Epigenetic drift underlies epigenetic clock signals, but responds uniquely to various factors

A new research paper titled "Epigenetic drift underlies epigenetic clock signals, but displays distinct responses to lifespan interventions, development, and cellular dedifferentiation" has been published in Aging.

Changes in DNA methylation with age are observed across the tree of life. The stereotypical nature of these changes can be modeled to produce epigenetic clocks capable of predicting chronological age with unprecedented accuracy. Despite the predictive ability of epigenetic clocks and their utility as biomarkers in clinical applications, the underlying processes that produce clock signals are not fully resolved, which limits their interpretability.
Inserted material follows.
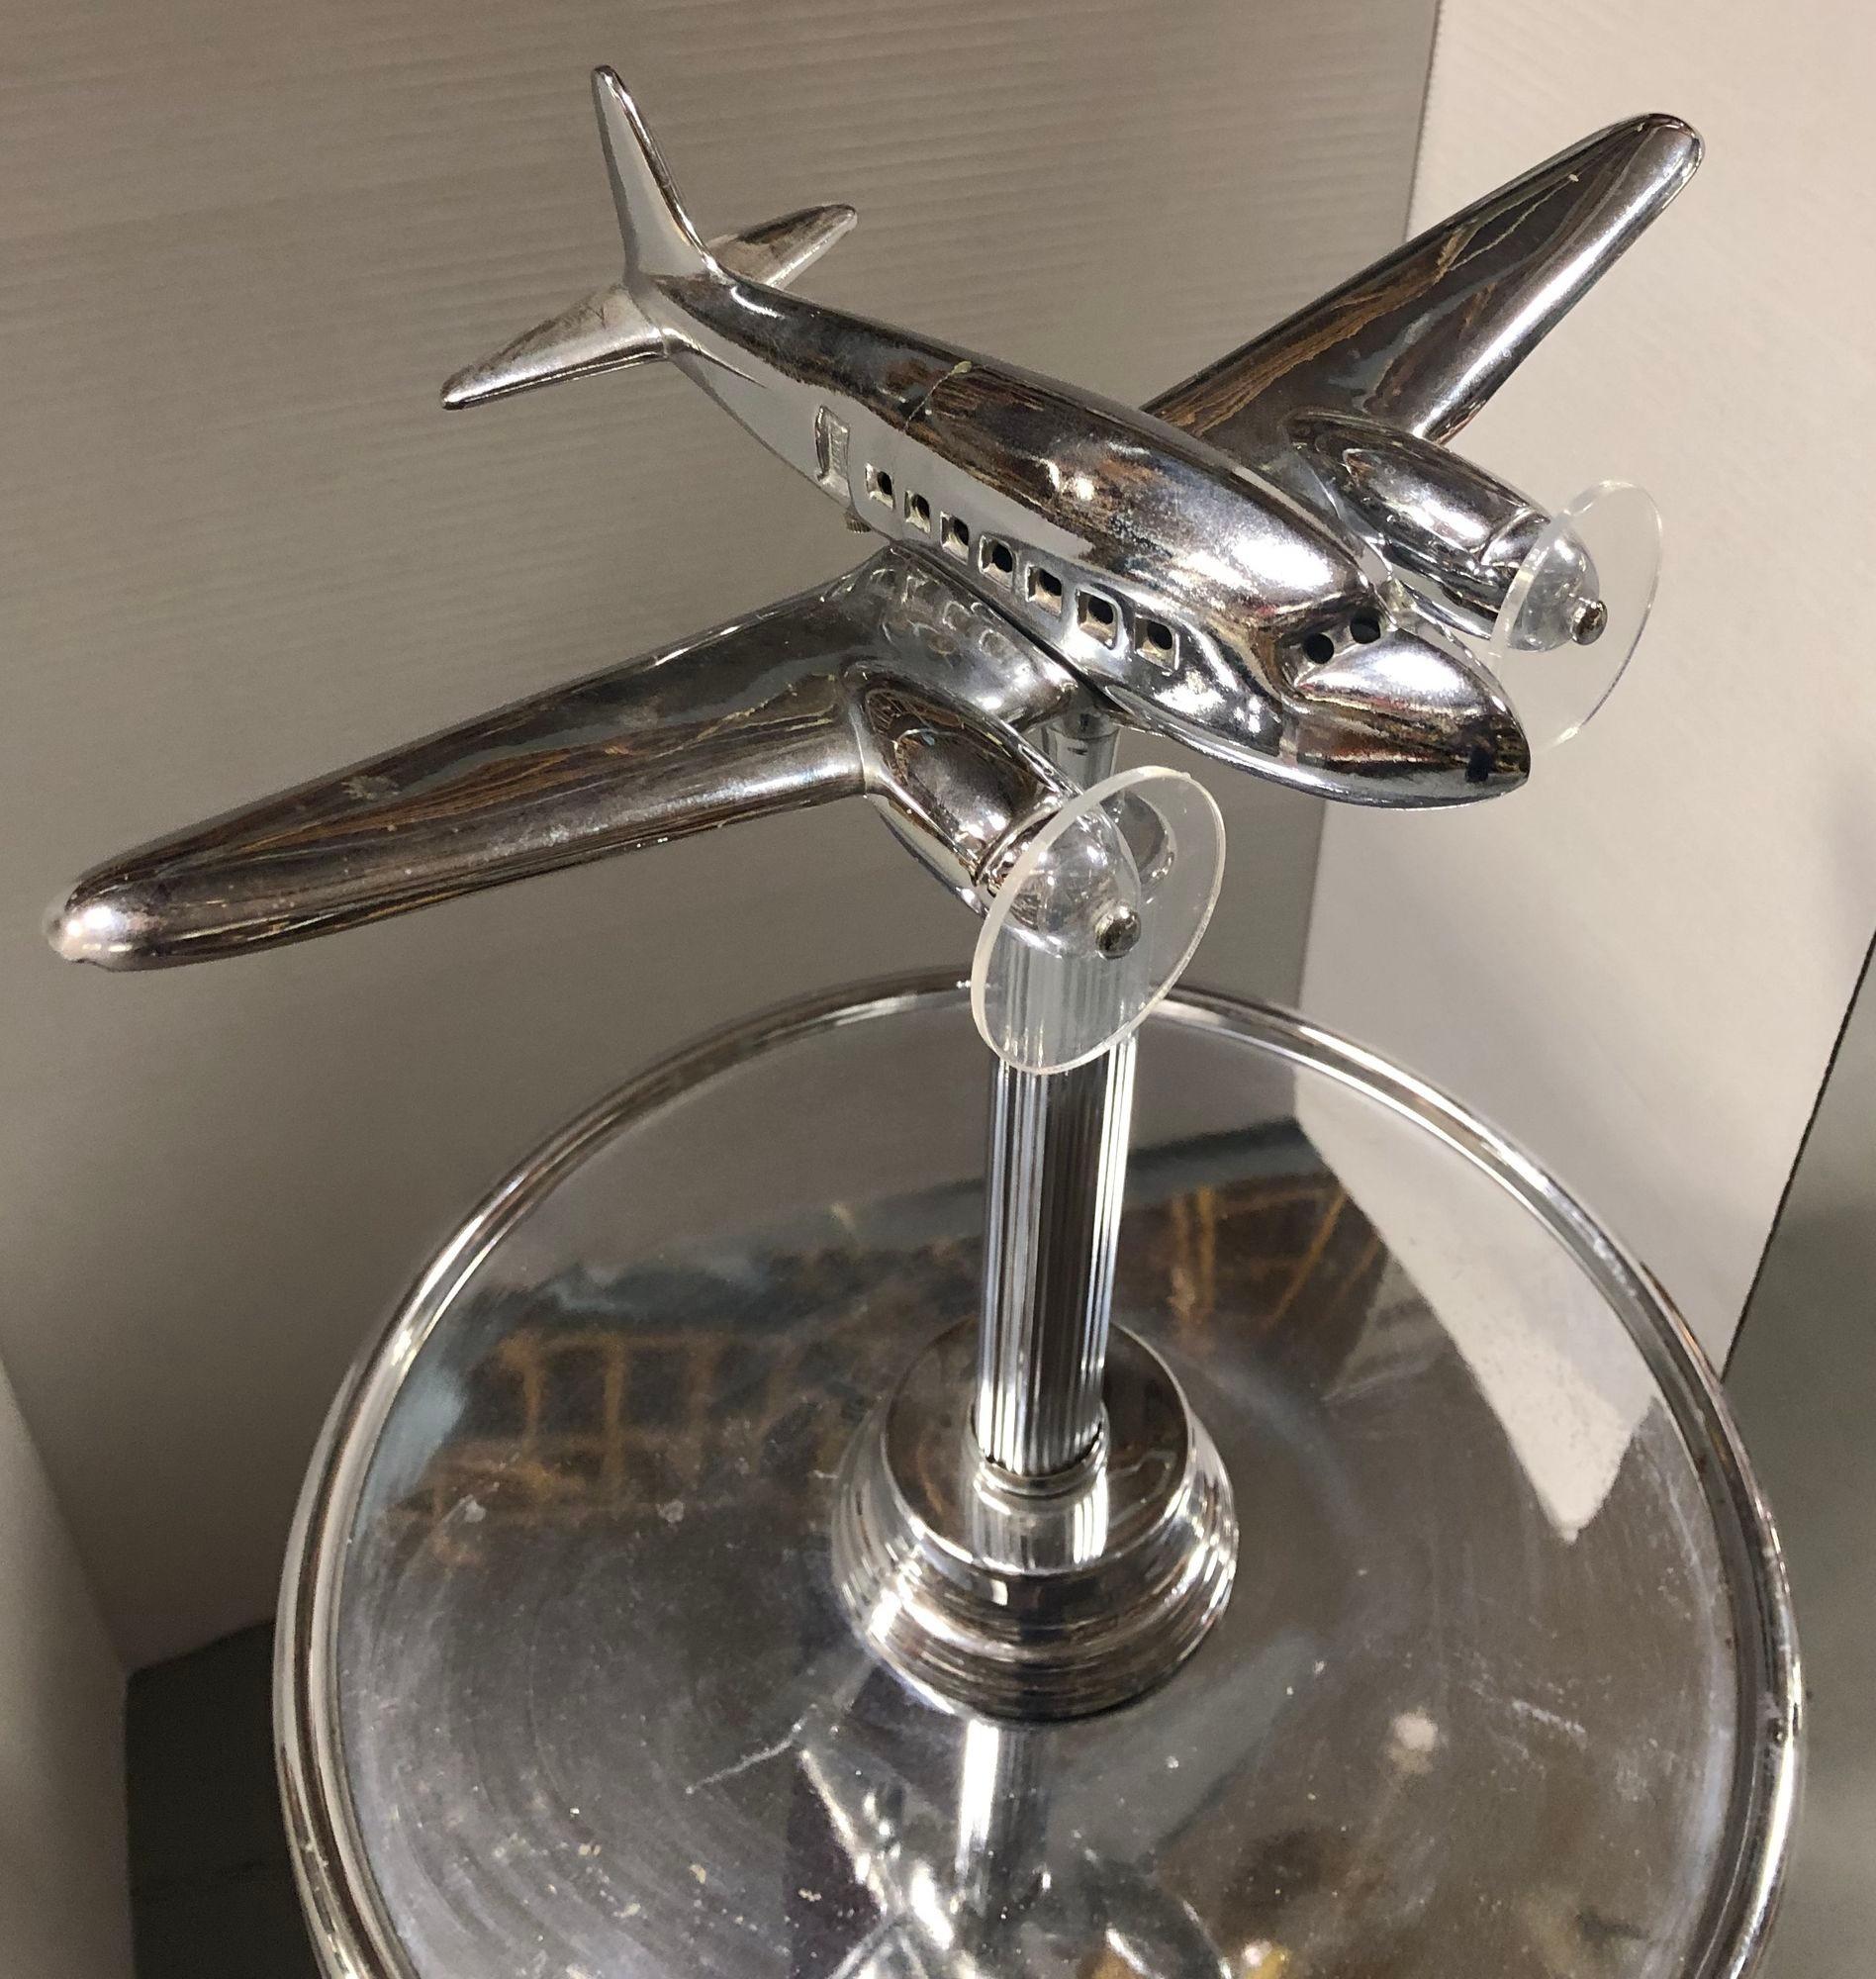 The Art Deco chrome lighted ashtray stand lamp epitomizes 1920s luxury and functionality. This dual-purpose piece boasts a geometric chrome design, blending elegance and practicality. With its integrated lighting and ashtray, it's a stylish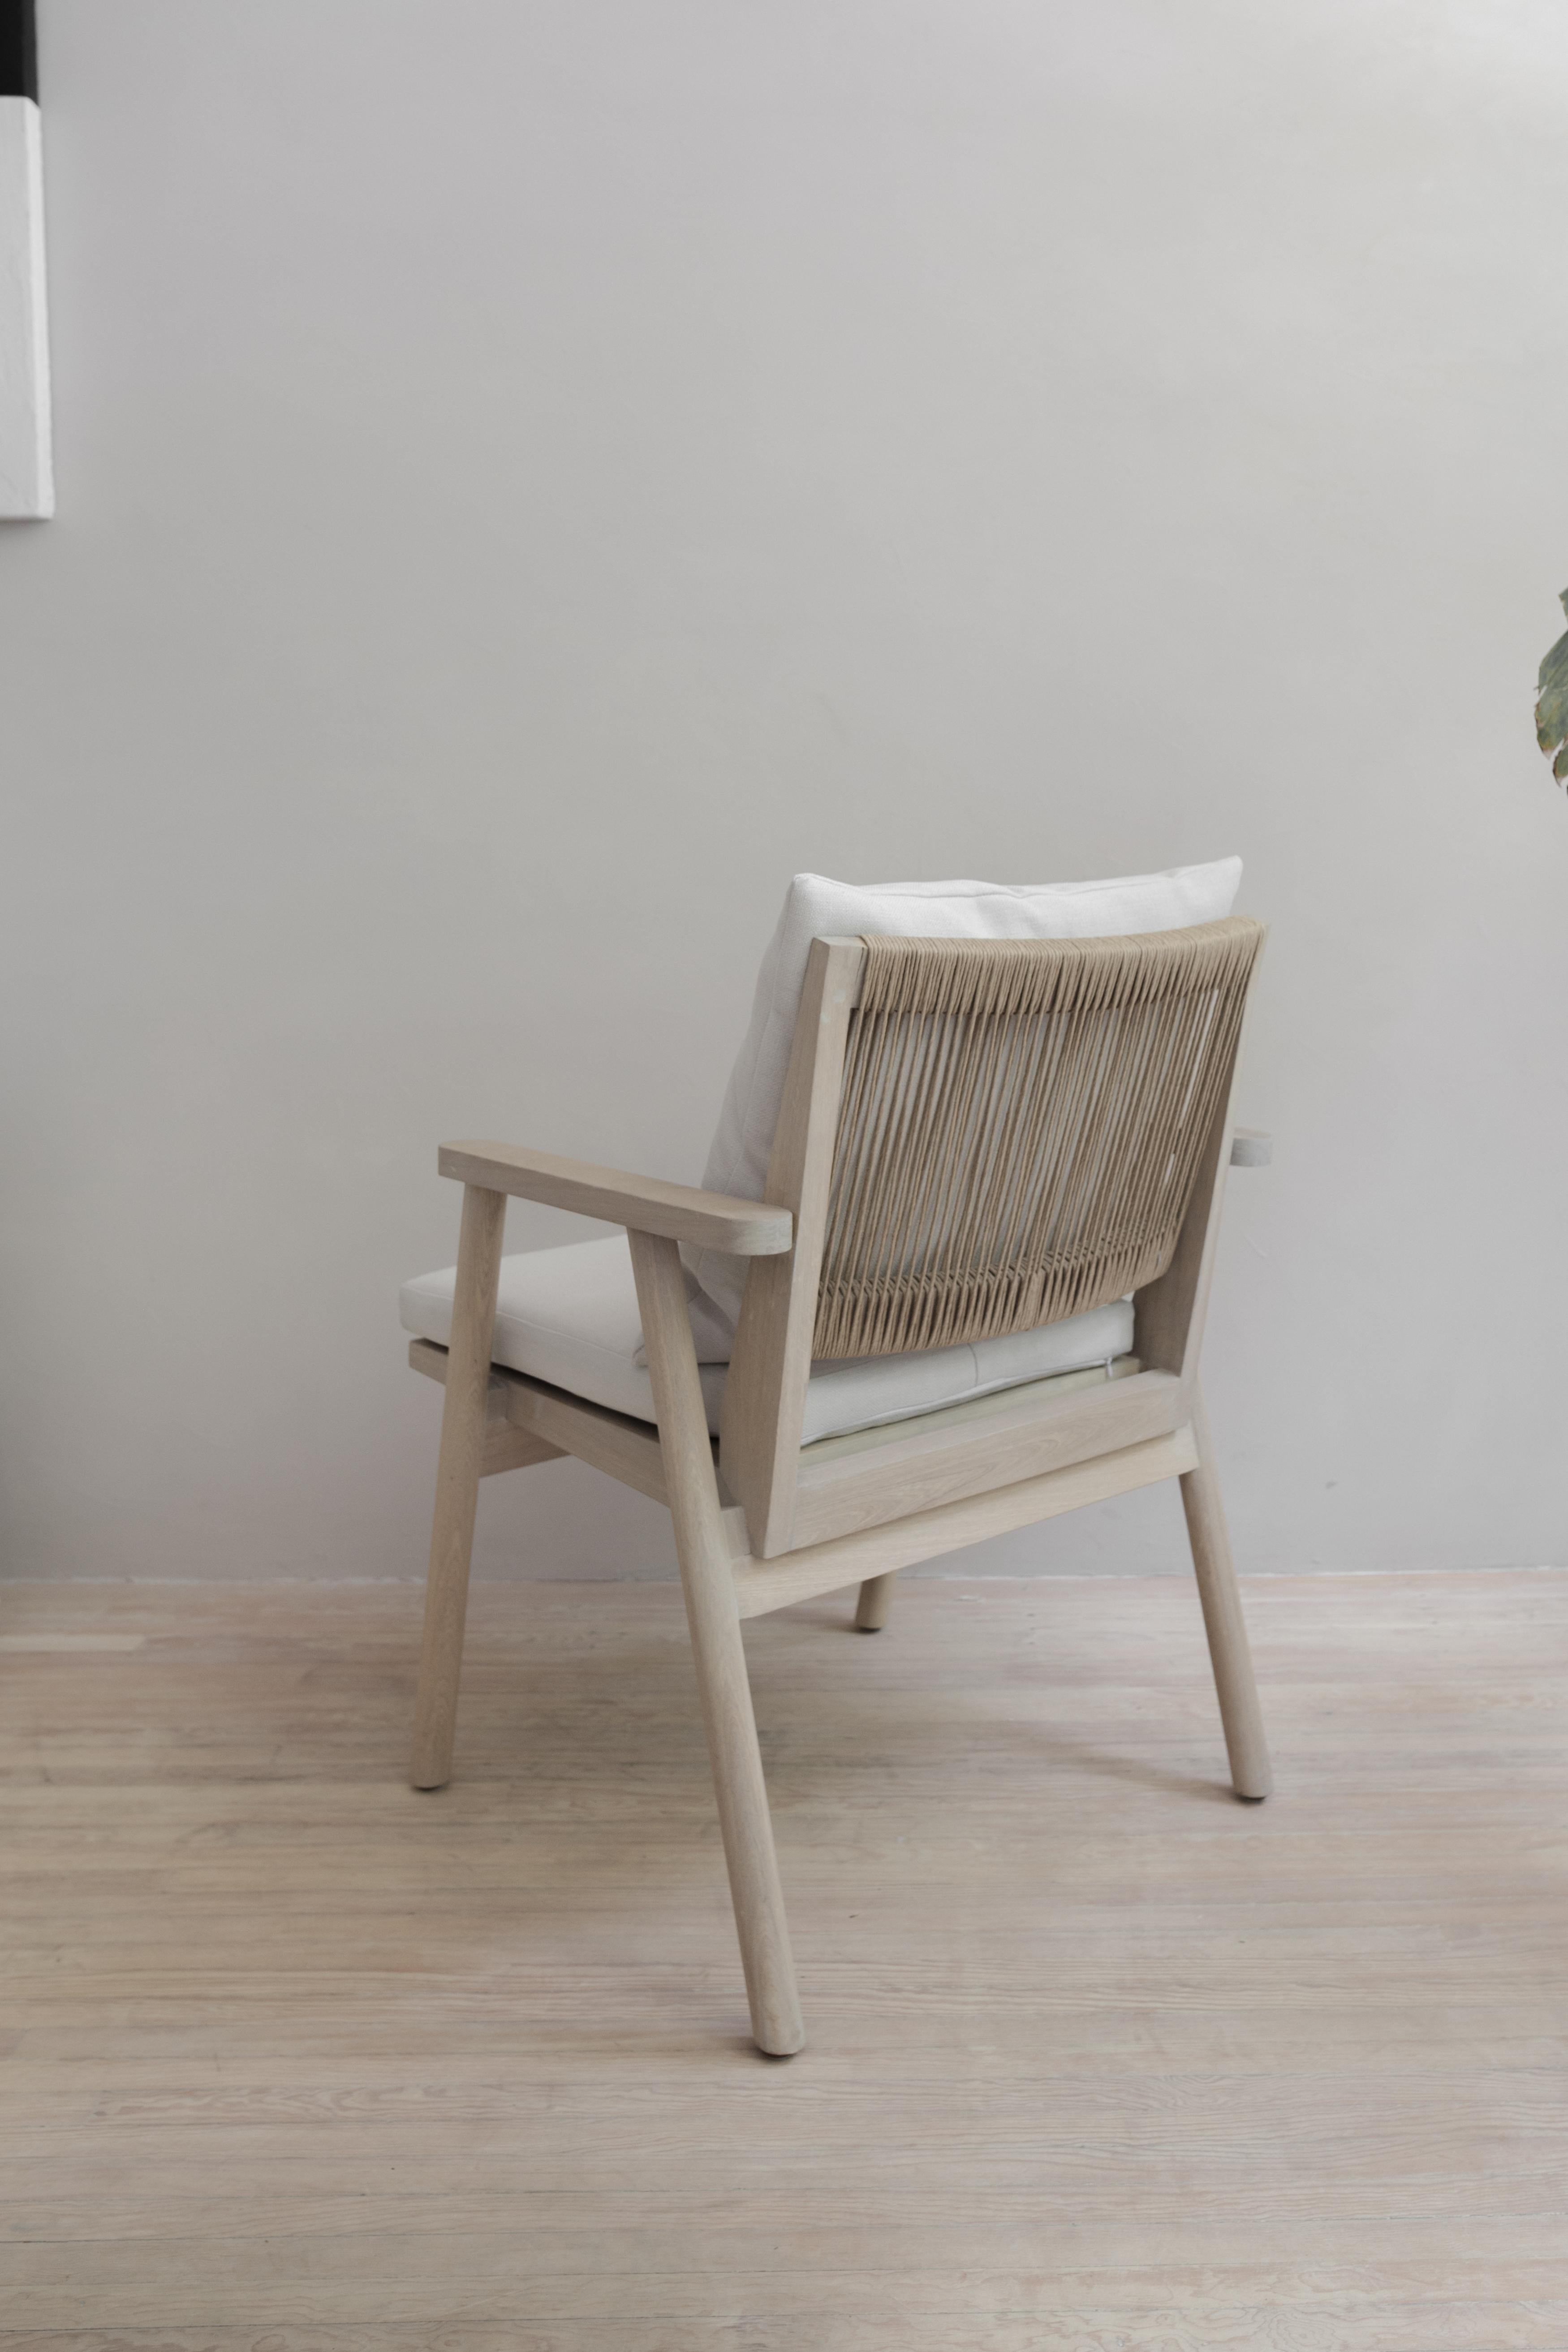 Mexican Hala Wood Chair For Sale

In this new study, researchers Emily M. Bertucci-Richter, Ethan P. Shealy, and Benjamin B. Parrott from the University of Georgia developed a computational approach to spatially resolve the within read variability or "disorder" in DNA methylation patterns and test whether age-associated changes in DNA methylation disorder underlie signals comprising epigenetic clocks.

"Herein, we apply novel read-based strategies to resolve age-associated epigenetic disorder across the mouse genome," the researchers explain.

The team found that epigenetic clock loci are enriched in regions that both accumulate and lose disorder with age, suggesting a link between DNA methylation disorder and epigenetic clocks. They then developed epigenetic clocks that are based on regional disorder of DNA methylation patterns and compared their performance to other epigenetic clocks by investigating the influences of development, lifespan interventions, and cellular dedifferentiation. The researchers identified common responses as well as critical differences between canonical epigenetic clocks and those based on regional disorder, demonstrating a fundamental decoupling of epigenetic aging processes.

"Collectively, we identify key linkages between epigenetic disorder and epigenetic clocks and demonstrate the multifaceted nature of epigenetic aging in which stochastic processes occurring at non-random loci produce predictable outcomes," the researchers conclude.